I do have a legacy 3rd party tool, generating a pdf with a lot of graphics and texts.
This tool can not embed fonts.
This Tool somehow removes spaces from font names.
I use “JetBrains Mono” for some texts, and want to embed this font into the pdf
So, I managed to add this font to the pdf using pymupdf.
so output from pdffonts looks like:
name type encoding emb sub uni object ID
JetBrainsMono TrueType WinAnsi no no no 50 0
Courier-Bold Type 1 WinAnsi no no no 52 0
fstroke3 TrueType WinAnsi no no no 53 0
JetBrains Mono Regular CID Type 0C (OT) Identity-H yes no yes 1739 0
But it seems not every viewer can work with this. Basically I just found chrome browser viewer showing the correct font, but maybe it has JetBrains somwhere with it and is not using the embedded version.
But this gives me the indication that “JetBrainsMono“ without spaces is somehow working as non embedded font.
Unfortunately I can not use rpl_font.py, since there are many hidden text items, the document is not readable then.
So can I embed a font for existing text at all?
At lest I can not embed a font and use an existing name.
So, I just learned, that white-spaces in PDF names are not allowed.
But “JetBrains Mono” contains white-spaces.
Maybe this should be handled when loading fonts initially (seems the legacy tool knows something here).
So I manually copied the xref and removed white-spaces:
for key in doc.xref_get_keys(xref_src):
item = doc.xref_get_key(xref_src, key)
if key == "BaseFont":
item = (item[0], item[1].replace(" ", ""))
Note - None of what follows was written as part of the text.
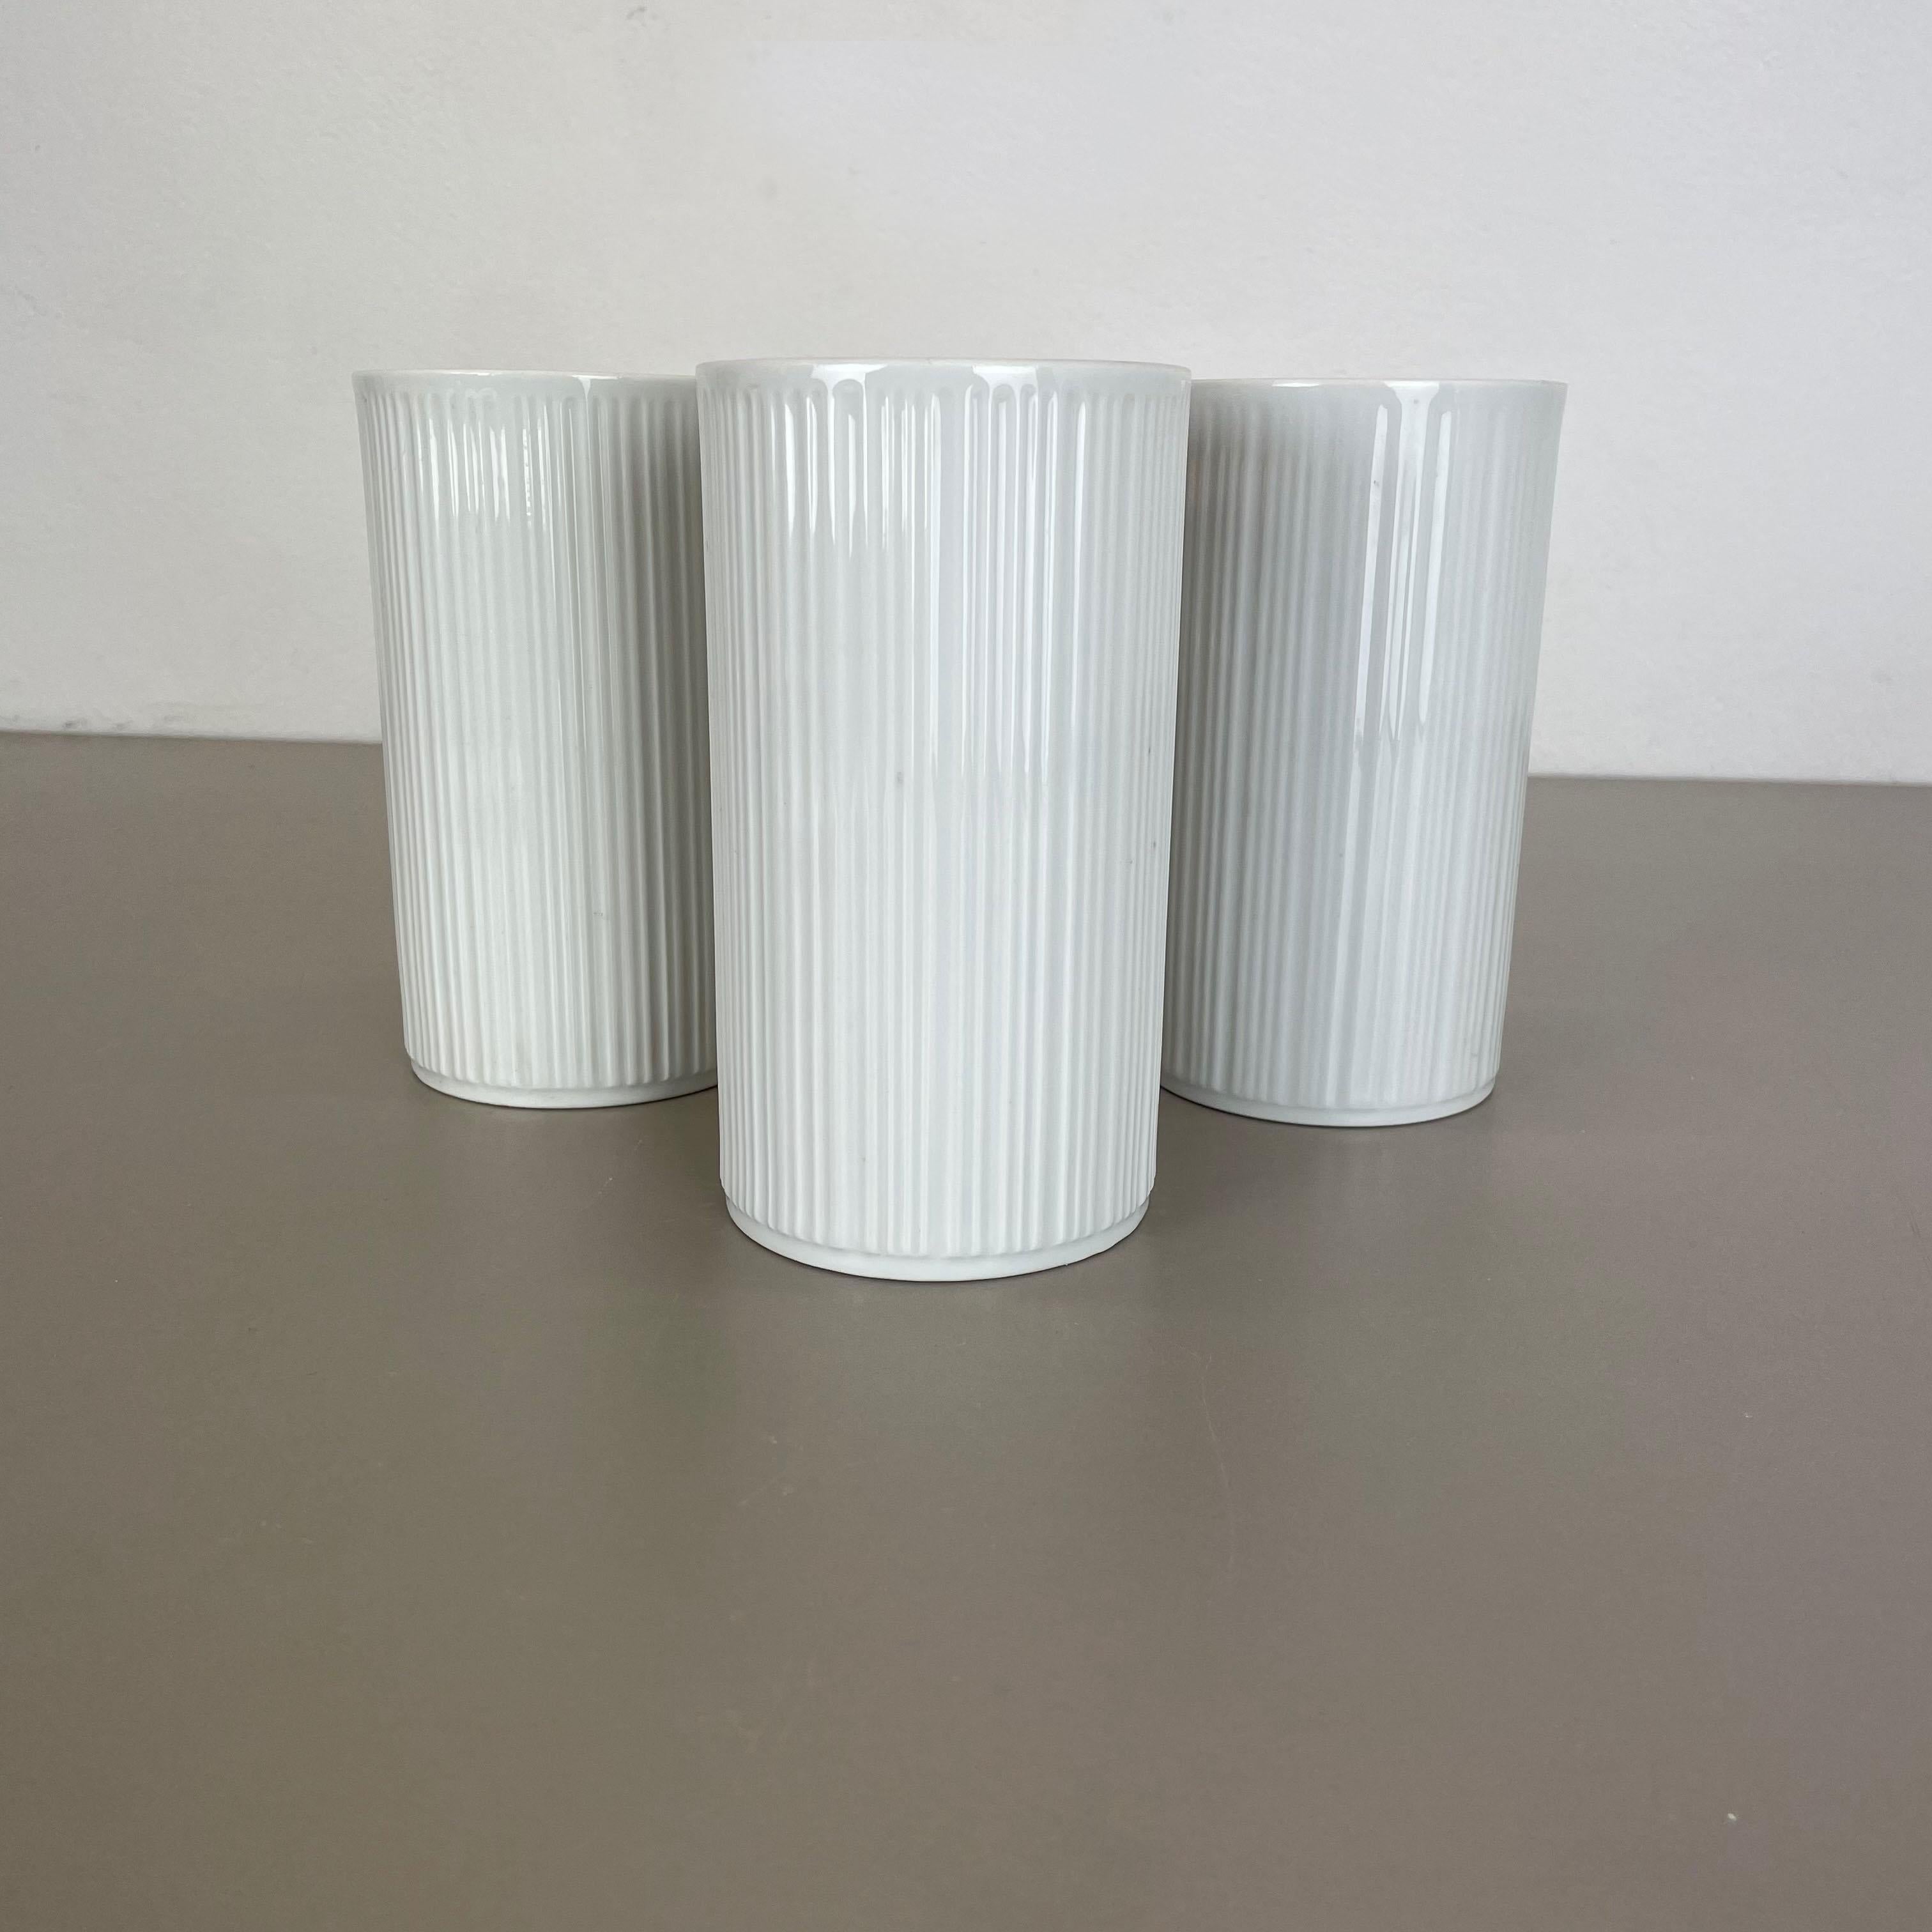 Set of 3 OP Art Porcelain Vases by Melitta Minden, Germany, 1970s For Sale 6

doc.xref_set_key(53, key, item[1])
doc.xref_set_key(50, key, item[1])
So pdffonts looks like this now:
name type encoding emb sub uni object ID
------------------------------------ ----------------- ---------------- --- --- --- ---------
JetBrainsMonoRegular CID TrueType Identity-H yes no yes 50 0
Courier-Bold Type 1 WinAnsi no no no 52 0
JetBrainsMonoRegular CID TrueType Identity-H yes no yes 53 0
fstroke3 TrueType WinAnsi no no no 55 0
JetBrains Mono Regular CID TrueType Identity-H yes no yes 1741 0
But all text is gone now in the document, so not yet successful.
I will try an other font next to exclude any name issue.
I just had a look again into this, an finally I got it working.
Intention was embed a font into an existing pdf, which wasn’t embedded before,
but which is actually the same font.
The final trick was to set set_simple=True page.insert_font(fontbuffer=font.buffer, fontname=fontname, set_simple=True)
example:
import pymupdf
doc = pymupdf.open("in.pdf")
page = doc[0] # First page
fontname = "JBMONO"
fontfile = "JetBrainsMono-Regular.ttf"
font = pymupdf.Font(fontfile=fontfile)
page.insert_font(fontbuffer=font.buffer, fontname=fontname, set_simple=True)
fts = page.get_fonts(full=True)
xref_dst = []
for ft in fts:
if ft[1] == 'n/a' and ft[3].startswith("JetBrainsMono"):
xref_dst.append(ft[0])
print(f"{ft} < Found dst font: xref_dst = {ft[0]}")
elif ft[3] == "JetBrainsMono-Regular":
xref_src = ft[0]
print(f"{ft} < Found source font: xref_src = {xref_src}")
else:
print(ft)
for xref in xref_dst:
print(f"Updating font reference for xref {xref} to point to xref {xref_src}")
for key in doc.xref_get_keys(xref_src):
item = doc.xref_get_key(xref_src, key)
if key == "BaseFont":
item = (item[0], item[1].replace(" ", "")) #not sure if needed
doc.xref_set_key(xref, key, item[1])
print("\nUpdated font references:")
for ft in fts:
print(ft)
# Save the output
doc.save("out.pdf", garbage=4, deflate=True, use_objstms=1)
You cannot bring existing text in a PDF to use a different font by just replacing its font by another font copying over the new font xref over the old xref.
The reason are multiple (1) almost certainly different fonts have different glyph addresses (numbers), (2) different fonts have different glyph metrics (width, height, ascender, descender, …).
This is a path that almost never can be successful.
… Except: you are lucky enough to use exactly the same font again. In which case a justified question would be: “Why are you doing this at all?”
If setting “simple” to true was successful, then because the original creation of the text did the same [it causes using only the Unicodes up to number 255).